Here we want to monitor only Azure resources only not on-prem, how to achieve that?
| where ObjectName == "Memory" and CounterName == "% Committed Bytes In Use"
| where CounterValue > 80
| summarize (TimeGenerated, Free_Memory_Percent)=arg_max(TimeGenerated, CounterValue) by Computer
| where ObjectName == "LogicalDisk" and CounterName == "% Free Space"
| where CounterValue < 10
| summarize (TimeGenerated, Free_Space_Percent)=arg_max(TimeGenerated, CounterValue) by Computer, InstanceName
| where InstanceName contains ":"
Thanks in advance.
Jul 23 2019 04:38 AM
You can add a join to the Heartbeat table, as that has a Azure / non-Azure value. You'll need to do the same for the other two examples.
Heartbeat | where ComputerEnvironment =="Azure" | distinct Computer | join ( Perf | where CounterName == "% Processor Time" and CounterValue > 95 and ObjectName == "Processor" and InstanceName == "_Total" | summarize arg_max(TimeGenerated, CounterValue) by Computer, CounterName ) on Computer
To test run it here Go to Log Analytics and Run Query
Jul 23 2019 07:24 AMSolution
Another way is to use _ResourceId column as a way of finding which VMs are in Azure.
Currently all Azure VMs have _ResourceId so you can do:
Perf | where CounterName == "% Processor Time" and _ResourceId contains "virtualmachines"
Additionally I would like to point out that all your queries are written incorrectly. You do not filter on CounterValue. First you need to summarize and than filter the threshold on the desired value. If you will use the queries for alerts than you do not filter in the query at all as the threshold is applied via the alert configuration.

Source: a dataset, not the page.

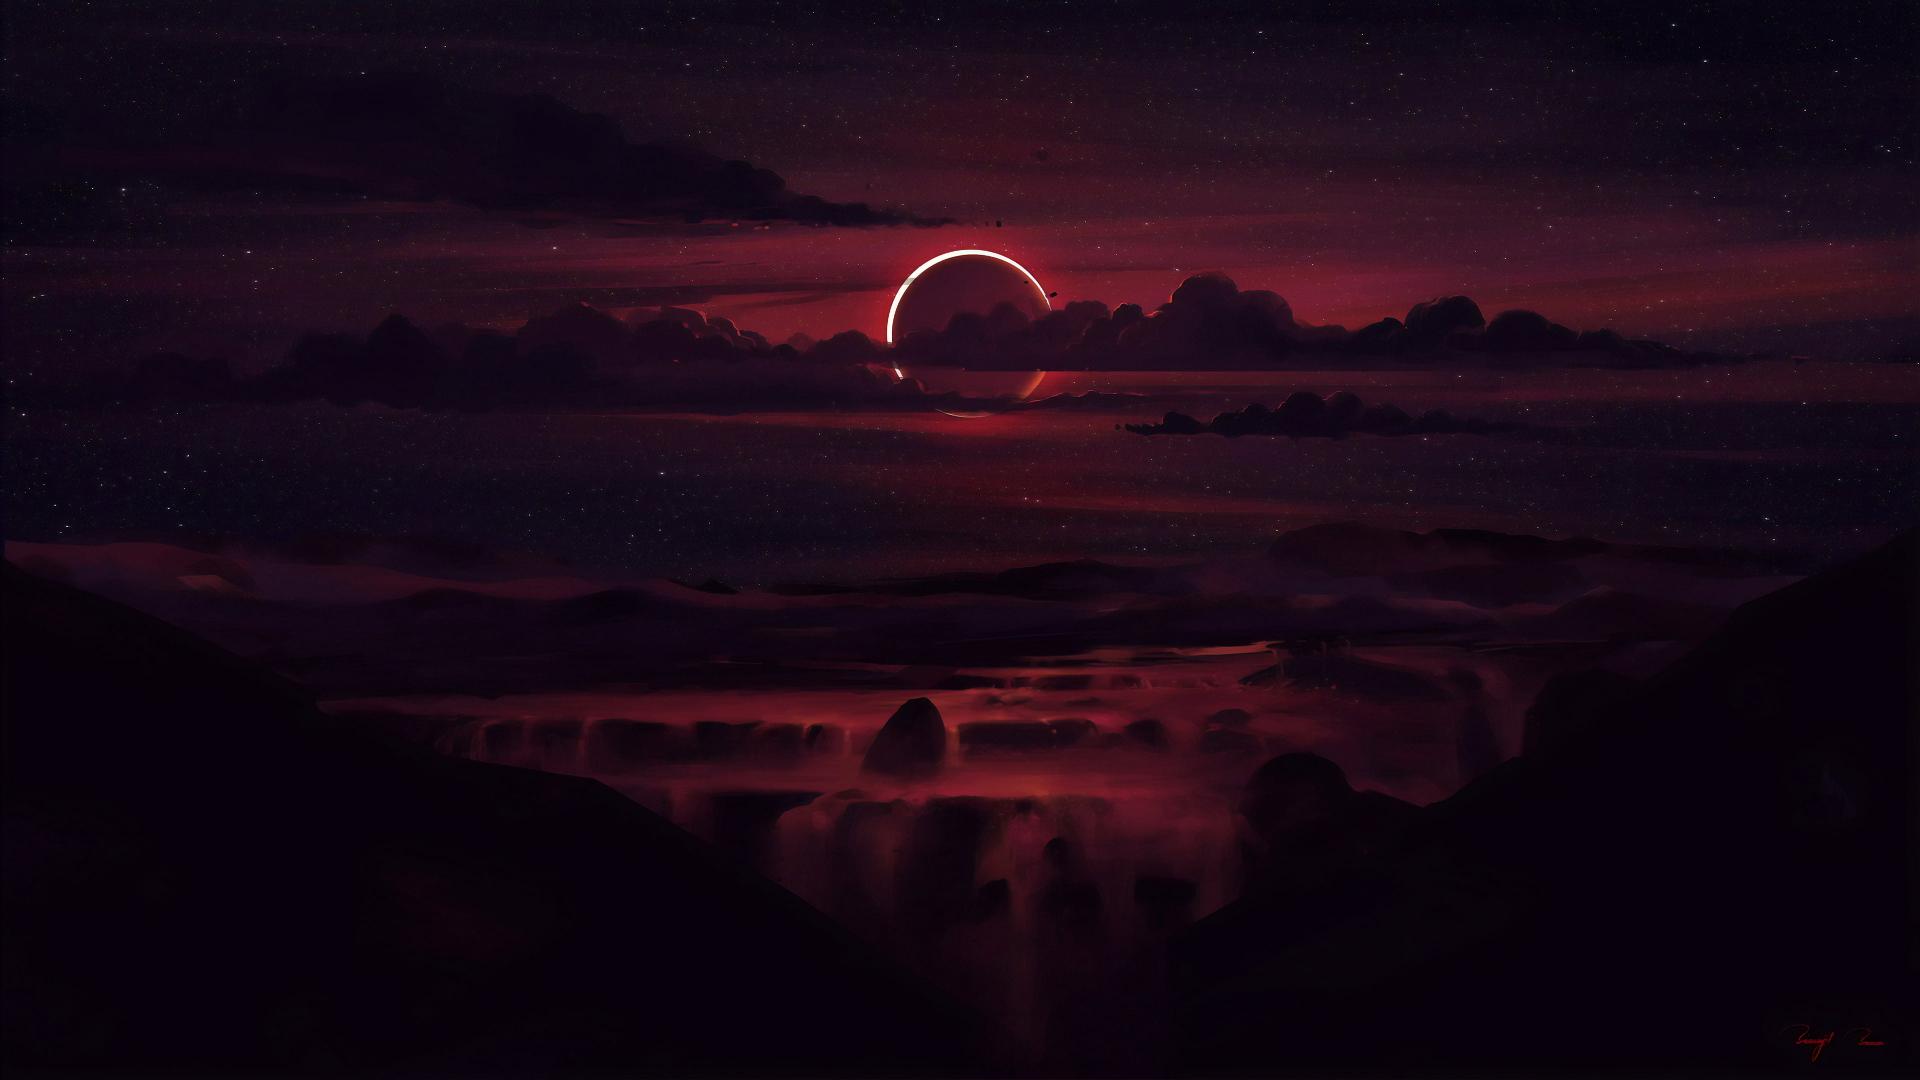 General 1920x1080 solar eclipse dark sky Sun clouds nature

If you do not follow these rules you will get false positive on alerts.
Jul 23 2019 08:34 PM
Jul 24 2019 03:41 AM
@Rahul_Mahajan You should have single alert per resource type and performance counter. Creating one alert for multiple resource types that do not have things in common and multiple metrics is not approach I would recommend. In queries that you will not use for alerts but rather to visualize data you can do whatever correlation you want.
Below is example query on your first posted query. The rest queries will follow similar logic. Here is the logic of this query
Perf | where CounterName == "% Processor Time" and ObjectName == "Processor" and InstanceName == "_Total" | summarize AggregatedValue = avg(CounterValue) by Computer, bin(TimeGenerated, 5m) | where AggregatedValue > 95
As I have mentioned before if you will use the above query in alert than you will remove the last filter 'where AggregatedValue > 95' because you will set the threshold on the alert definition.
If I remember there is documentation on how to get started with Kusto query language, alerting etc. Also this forum contains a lot of examples on queries for a lot of things.
Jul 24 2019 04:13 AM
@Rahul_Mahajan This is how the bin function works. You have to do some reading on the documentation to understand it better. https://docs.microsoft.com/en-us/azure/azure-monitor/log-query/get-started-queries . The interval of the buckets it is important also when you create the alerts as there you have frequency and time windows of the alert.